Жанр романтической мистерии, восходящий ко второй части “Фауста”, вполне соответствовал утопически-натурфилософским интересам Заболоцкого. Именно в эти годы он зачитывается философскими брошюрами Циолковского и вступает в переписку с их престарелым автором. При этом собственно технические идеи калужского самородка ему были мало интересны – он и не мог бы их, видимо, понять. (Хармс, наверное, как раз смог бы. Но ему интересны были только конструкторы ненужных и абсурдных вещей, которых он так колоритно описал в рассказе для “Ежа”. “Прикладную направленность науки” он отвергал.)

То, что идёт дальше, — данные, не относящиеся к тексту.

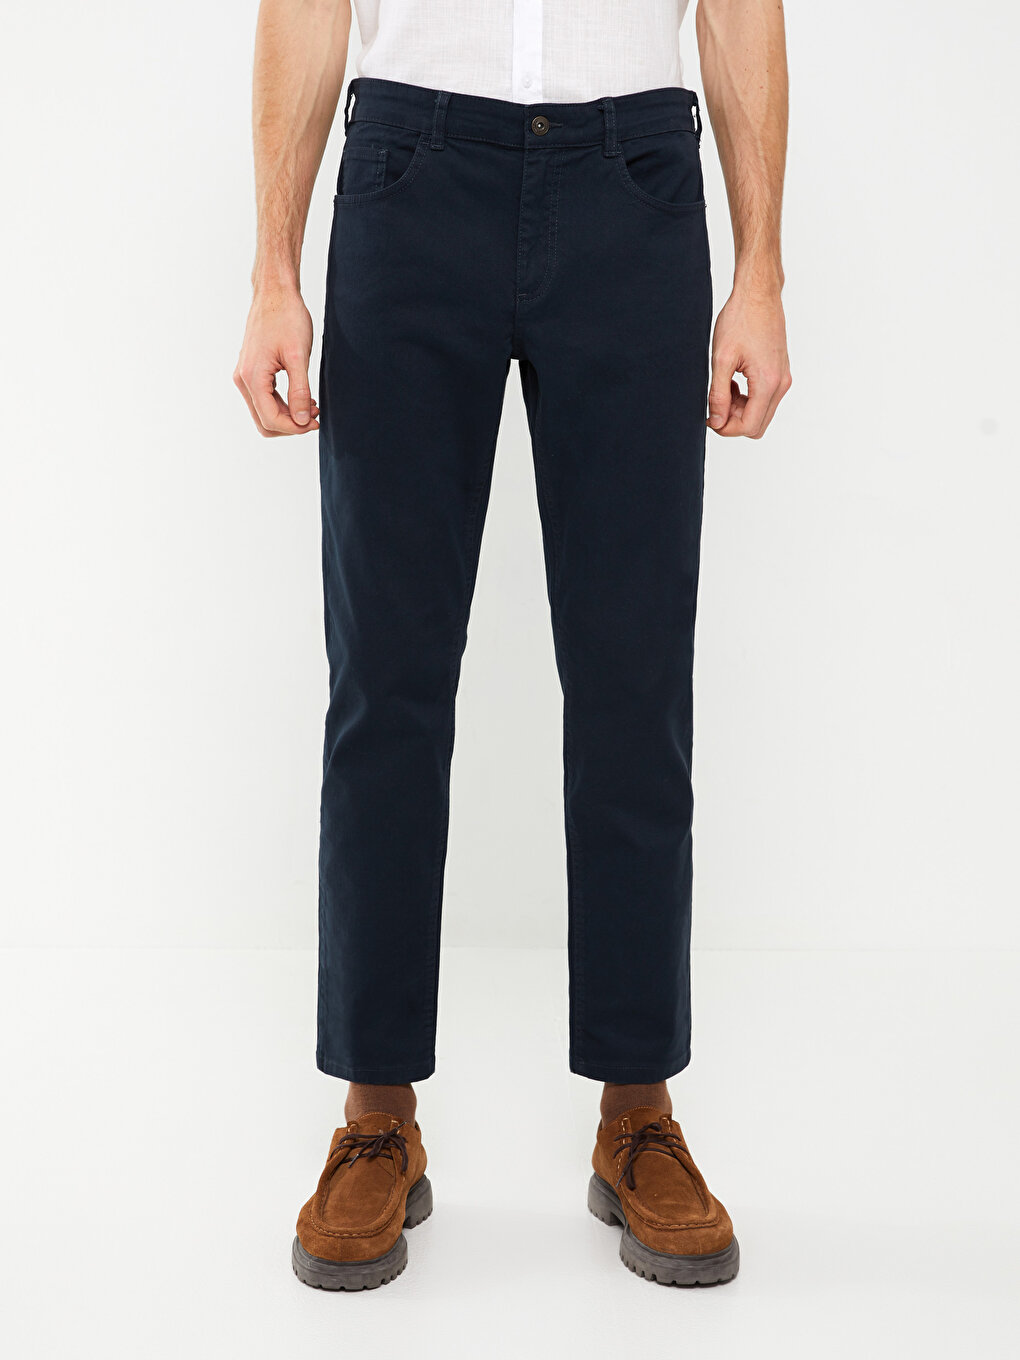 Standard Pattern Men's Chino Trousers -S30765Z8-KN7 - S30765Z8-KN7 - LC ...

Мысли Заболоцкого об очеловечивании и просветлении природы вызывали у его друзей лишь ироническую реакцию. Несомненно, отец, который “учит грамоте коров”, из хармсовского стихотворения “Он и мельница”, – беззлобная шутка в адрес друга. Более углубленный характер носил диалог и спор Заболоцкого и Введенского. На рубеже тридцатых (по свидетельству Друскина, которого в данном случае трудно заподозрить в пристрастности) Введенский был особенно близок именно с Заболоцким. Но тесная дружба двух великих поэтов закончилась разрывом, связанным в том числе и с мировоззренческими различиями. Некоторые литературоведы видят прямую полемику с рационалистическим, прогрессистским мировосприятием Заболоцкого в поэме Введенского “Кругом возможно Бог”. Если герой Заболоцкого, Солдат, ведет спор с Предками, воплощающими дурное постоянство природного, физиологически-самодостаточного мира, то “сумасшедший царь Фомин”, герой мистерии Введенского, в своем посмертном путешествии насквозь проходящий через время, спорит с Народами, которые знают, что “человек есть начальник Бога”, что
над землею звезды есть
с химическим составом,
они покорны нашим уставам,
в кружении небес находят долг и честь.
Ответ Фомина полон сарказма:
Господа, господа,
все предметы, всякий камень,
птицы, рыбы, стул и пламень,
горы, яблоки, вода,
брат, жена, отец и лев,
руки, тысячи и лица,
войну, и хижину, и гнев,
дыхание горизонтальных рек
занес в свои таблицы
неумный человек.
Если создан стул, то зачем?
Затем, что я на нем сижу и мясо ем.
Если сделана мановением руки река,
мы полагаем, что сделана она для наполнения
нашего мочевого пузырька…
…Господа, господа,
а вот перед вами течет вода,
она рисует сама по себе[251].
Мир вещей, которые существуют “сами по себе”, “как линии в бездне”, вне всякой внешней цели, – вот единственный возможный источник спасения, но человечество, пойдя по рационалистическому, прагматическому пути, закрыло его для себя. Таков ответ Введенского – наследника Руссо и романтиков – Заболоцкому – наследнику Вольтера и Гёте. Спор был связан, конечно, и с политикой. “Торжество земледелия” не случайно посвящено коллективизации. Разумеется, Заболоцкий, выбирая тему, думал и о публикационных перспективах, но для него обращение к подобным сюжетам не было проявлением “конформизма” и не требовало какого бы то ни было насилия над собой. Он искренне сочувствовал революции, сочувствовал преобразованию мира на основе разума и коллективизма. Введенскому все это было по меньшей мере чуждо.